La idea no es que el muelle actual compita con el nuevo puerto porque son terminales especializadas, la carga que van a manejar es diferente. Ahora bien, nada impide jurídicamente que el concesionario de la TCM pueda participar en la adjudicación de las instalaciones actuales. Sin embargo, el Gobierno valora la posibilidad de que sean concesionarios diferentes en la medida de lo posible porque eso es lo sano.

Trabajadores opuestos a la concesión de los muelles actuales afirman que los empresarios van tras los muelles actuales, que lo de la TMC es solo un gancho para esta concesión y ustedes tratarán de amarrar ambas con un solo oferente…

—Eso es absolutamente falso. Tanto es así que más bien no hemos aprobado el cartel de licitación de las instalaciones actuales hasta no verificar que recibamos ofertas de la TCM y con eso el argumento se viene abajo. No es cierto que lo de la TCM lo estemos utilizando como un escudo para sacar la concesión de los muelles actuales. Usted se va a dar cuenta que en menos de 15 días, después de recibir ofertas para la TCM, estará presentándose el cartel de las instalaciones actuales.

¿Cómo se va a tramitar la oferta para la TCM?

La idea es conformar una comisión evaluadora por parte de funcionarios de JAPDEVA, el CNC (Concejo Nacional de Concesiones) y el MOPT (Ministerio de Obras Públicas y Transportes), para que ojalá a partir del día siguiente empiece a estudiar. Hay un plazo de 45 días hábiles para adjudicar como máximo.

¿Y no se hace todo esto en medio de una inseguridad jurídica por las impugnaciones planteadas por la antigua dirigencia sindical y que los tribunales no han resuelto?

—En esto el mensaje de la administración es claro. Nosotros tenemos un interlocutor. Sé que existe un conflicto entre trabajadores -desde el punto de vista de patrono así lo vemos- aparentemente, entre una junta directiva antigua y una junta directiva nueva.

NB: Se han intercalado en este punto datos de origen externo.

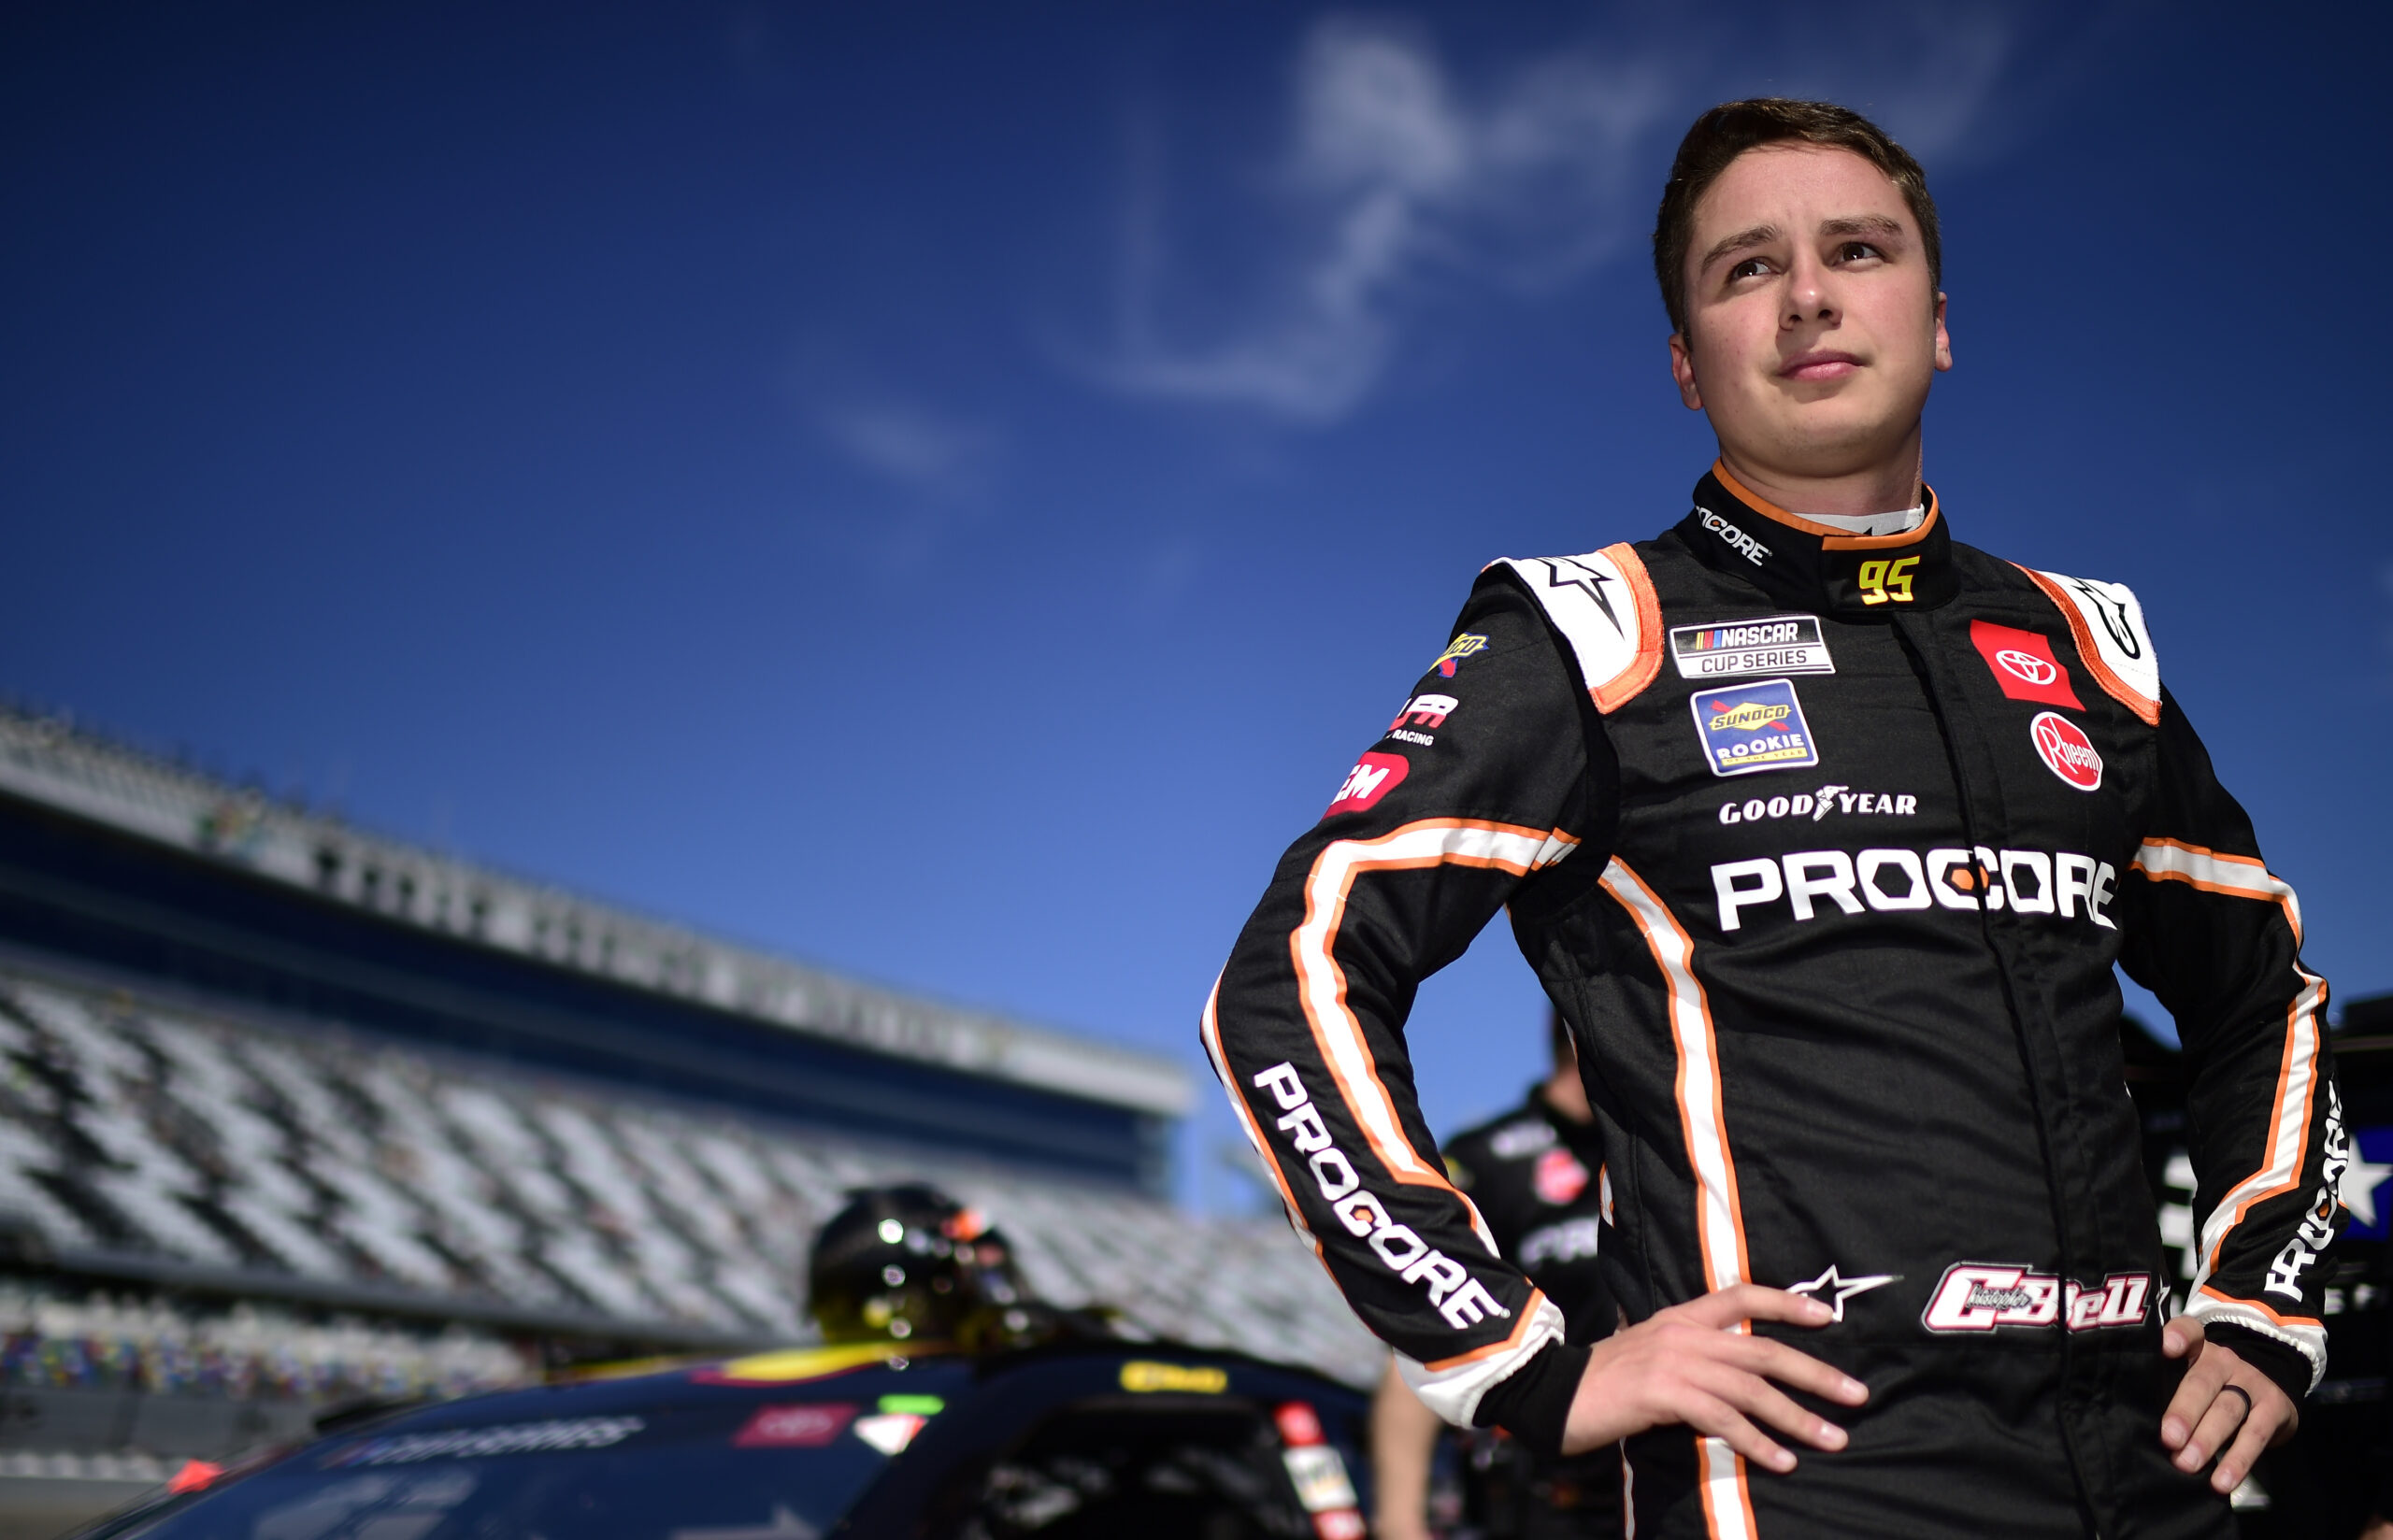 Certainly, Christopher Bell seems set on a strong rookie campaign in 2020. (Photo Credit: Jared C. Tilton/Getty Images)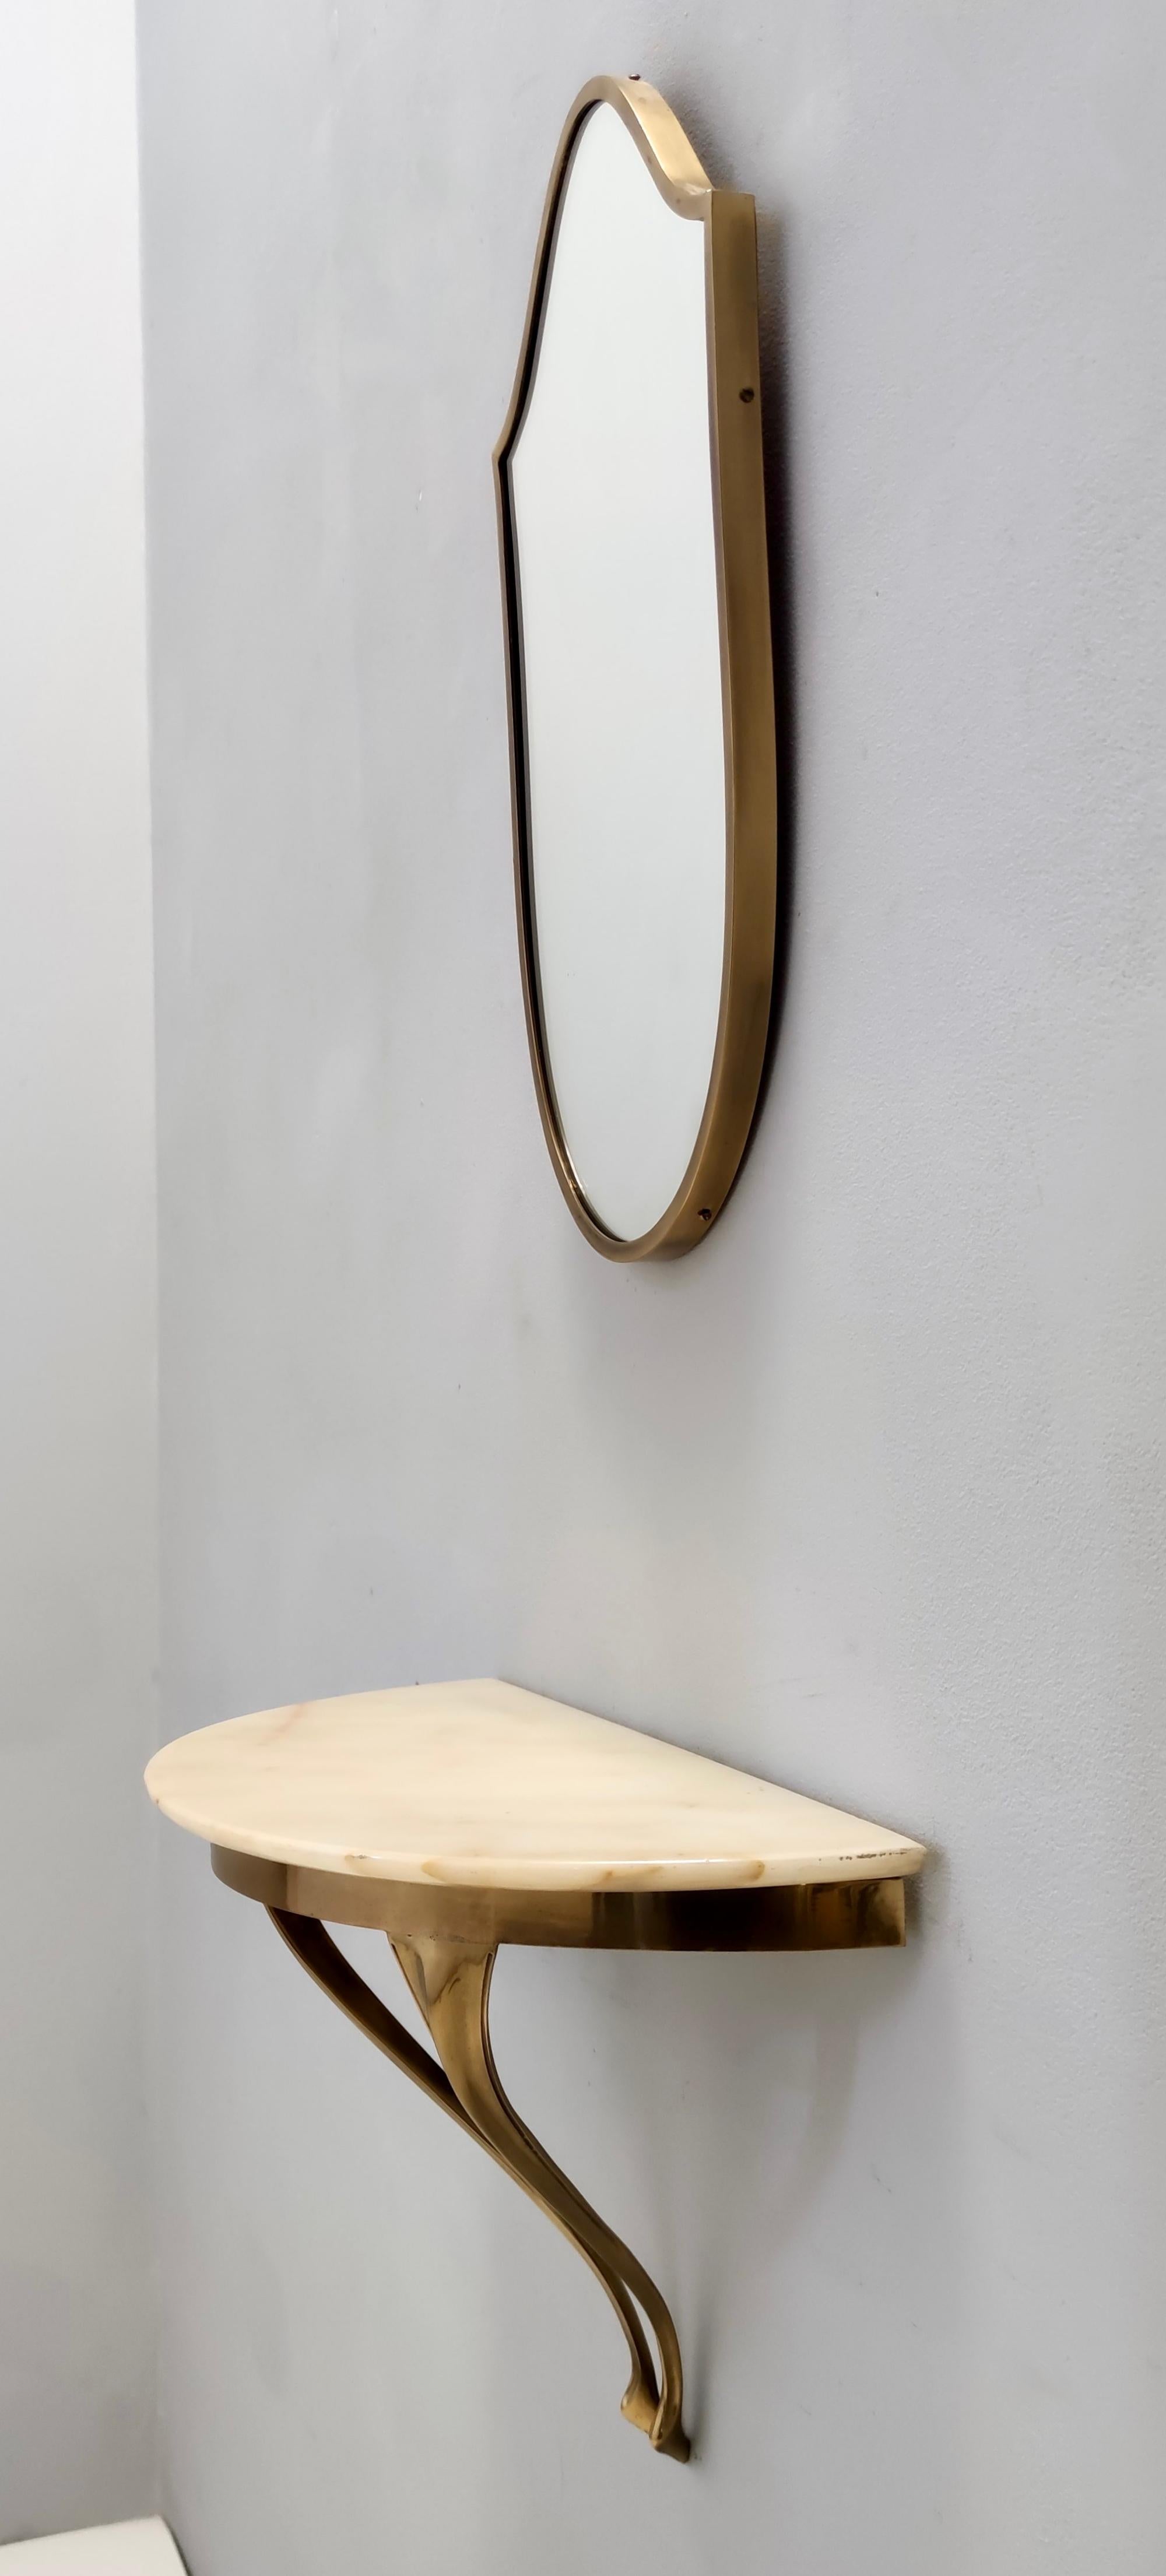 Mid-20th Century Vintage Shield Wall Mirror and a Wall-Mounted Console with a Marble Top, Italy

Nosotros recibimos una certificación del Ministerio de Trabajo, que es el órgano registral de Costa Rica, y que nos indica que el señor Douglas Brenes es el representante legal de los trabajadores, y para efectos jurídicos nuestros es el  interlocutor de JAPDEVA por parte de los trabajadores.
Esa personería jurídica está vigente, sobre ella no pesa ninguna medida cautelar de suspensión (…) el tema es que ninguna autoridad judicial, llámese Sala Constitucional, llámese Tribunal Contencioso Administrativo, nos ha notificado absolutamente nada que nos impida continuar con los procesos en que estamos.